Bohemia Village Voice  Bohemia Village Voice

For bohemians everywhere

Chris Spedding

A Little Night Musing

‘What goes around comes around’. So it is said. Mewling infants and whining, piping old men. Having nearly seen off both, I’m left clutching their T-shirts, knuckles white, wringing out the occasional memory.
You see, I’m sitting here once again sipping the local firewater and watching the sun drop from view. It silently slips off the edge every night at this time. A daily throwing in of the towel. A mute observer of our patch. A signal for the crickets to start rasping. For the mosquitoes to begin trading their stings for a drop or two of akpeteshie-enriched blood. And for the drums to start their fontomfromming.
‘White man’s grave’, they used to call it. The missionaries lasted a few weeks, then died in an ecstasy of doing Goodness. They blamed the air or the Devil and His Works.
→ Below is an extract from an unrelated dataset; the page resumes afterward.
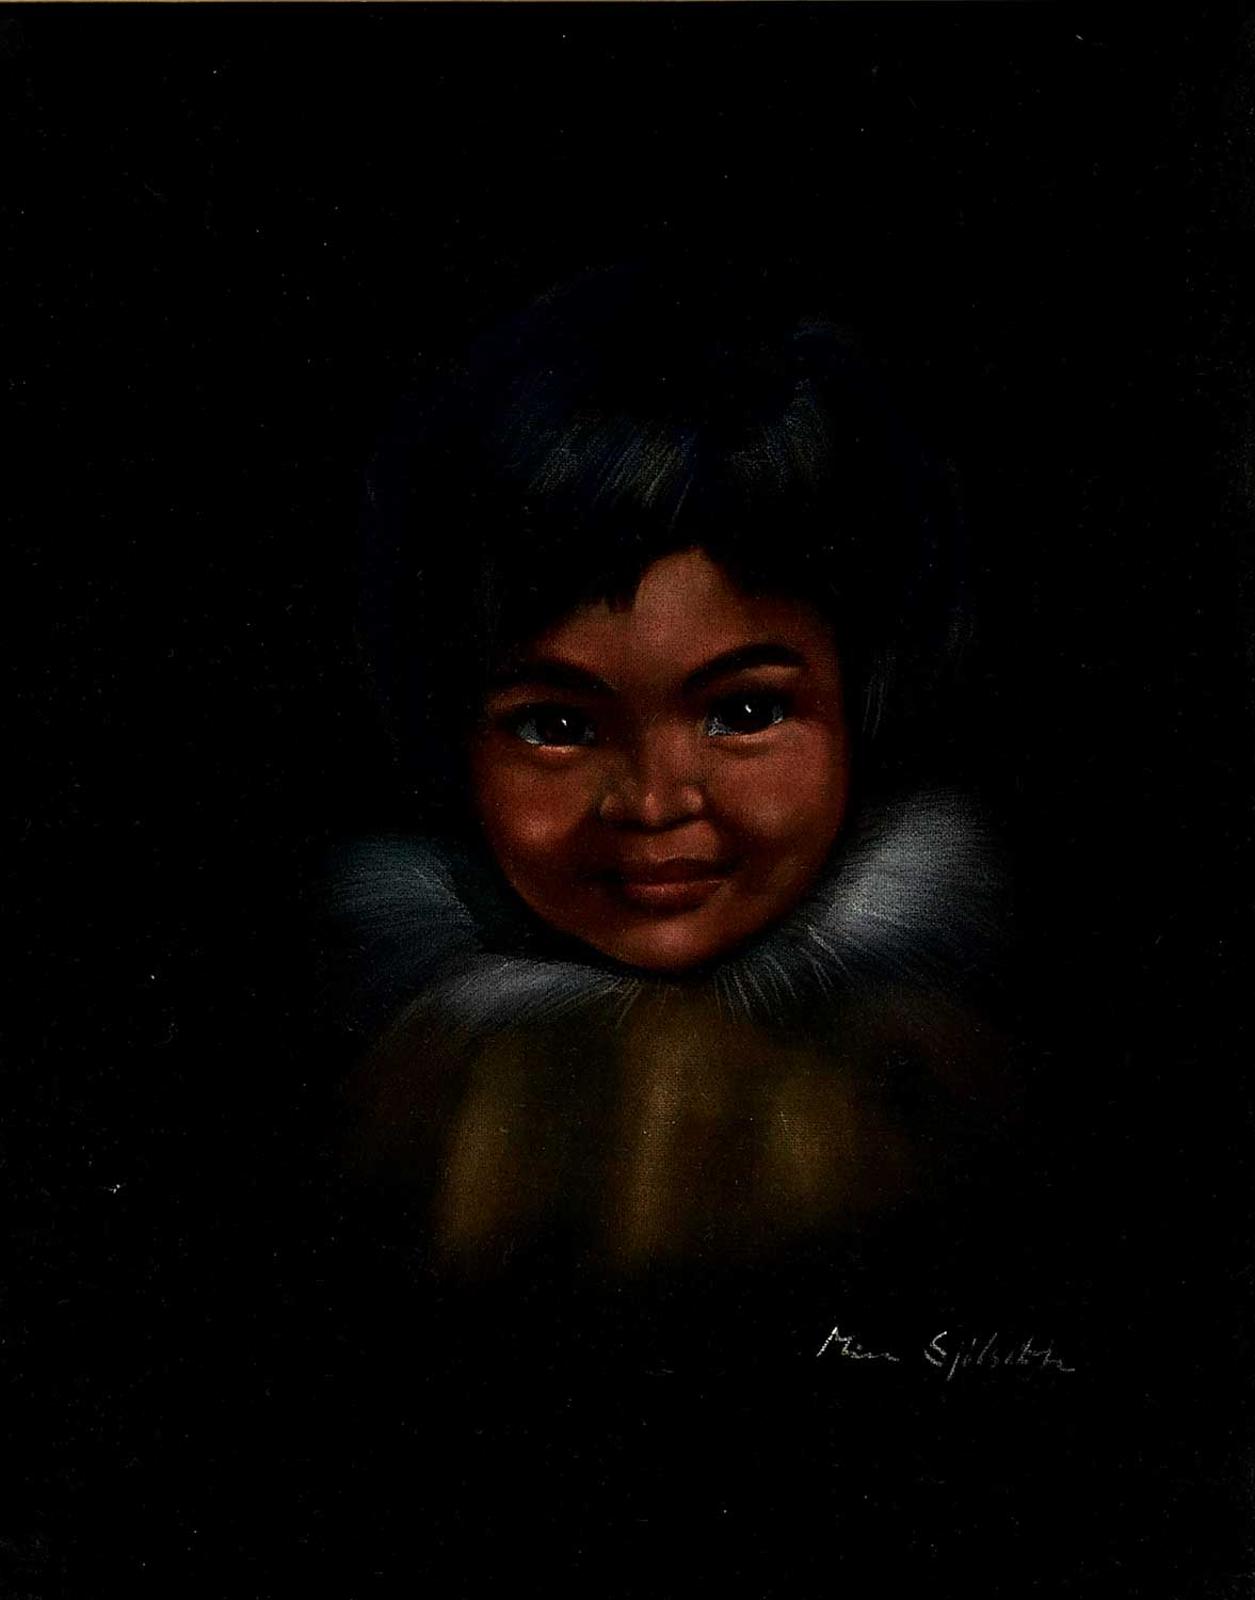 Minnie Sjolseth-Carter - Untitled - Portrait of an Inuit Child

They never thought of the tum tum, did they?
When I first arrived, an aeon ago, early one evening, to join a prestigious, religiously-inclined girls’ school near the coast, it was already dark. We sat around a long, rectangular table for Grace and supper. The doors, one at either end of the dimly lit dining room and wisely covered with mosquito proofing, remained resolutely open. Whining mosquitoes jostled with swiftly swooping bats. Nobody flinched, and I did my stoical best. Clarks’ sandals and white ankle socks evidently seemed every bit a deterrent as the repellent cream I had put on. Or perhaps it was just Faith.
Two years’ later, I chanced upon another school, secular, safe, coeducational, further down the coast. A wonderful crashing, crunching, spray-filled, white-foamed coast. The sea as hungry for the fishermen perched in their narrow boats as they were for its fish. Their boats fashioned from forests and crafted in clearings two hundred miles away.
Tonight, my memory is particularly clear. The creases and folds of my mind seem anxious to drag me back. Yet, I don’t want to know. Not now. It’s too late. Perhaps the drink and the drumming from the nearby village have prompted some cerebral actors to enter stage-front and present their stories. Maybe I’ll share them with the night watchman. He’ll soon start his rounds. His arrows are tipped with the bile of some unfortunate creature. He scored a direct hit a few weeks ago. The doomed intruder crawled into the bush and died an agonising death a day later. Better, though, than being beaten to checkmate. At least he had time to review his life, to audit himself, to decide whether he was deserving of another.
I wonder where my Beyond is? I have flirted with the Church, communism, atheism, humanism and all shades in between. Camus was my God, indifference my shield. Have they set me up for a safe passage to a comfortable Valhalla with all mod cons? I doubt it. I have Erred once or twice too many times. Perhaps, my friend, you will persuade me otherwise.
__________________________

Now the night was black and still. He rose unsteadily, sweat falling freely, and headed for his damp bed. The watchman had not appeared and his story would wait. Geckos looked down on their landlord. They were gathered near the strip-light above the patio door, waiting for moths to be drawn to them. Waiting patiently, as he had waited these years. The drumming died away.
A black ribbon of ants threaded and scurried its way across the bright verandah into the darkness.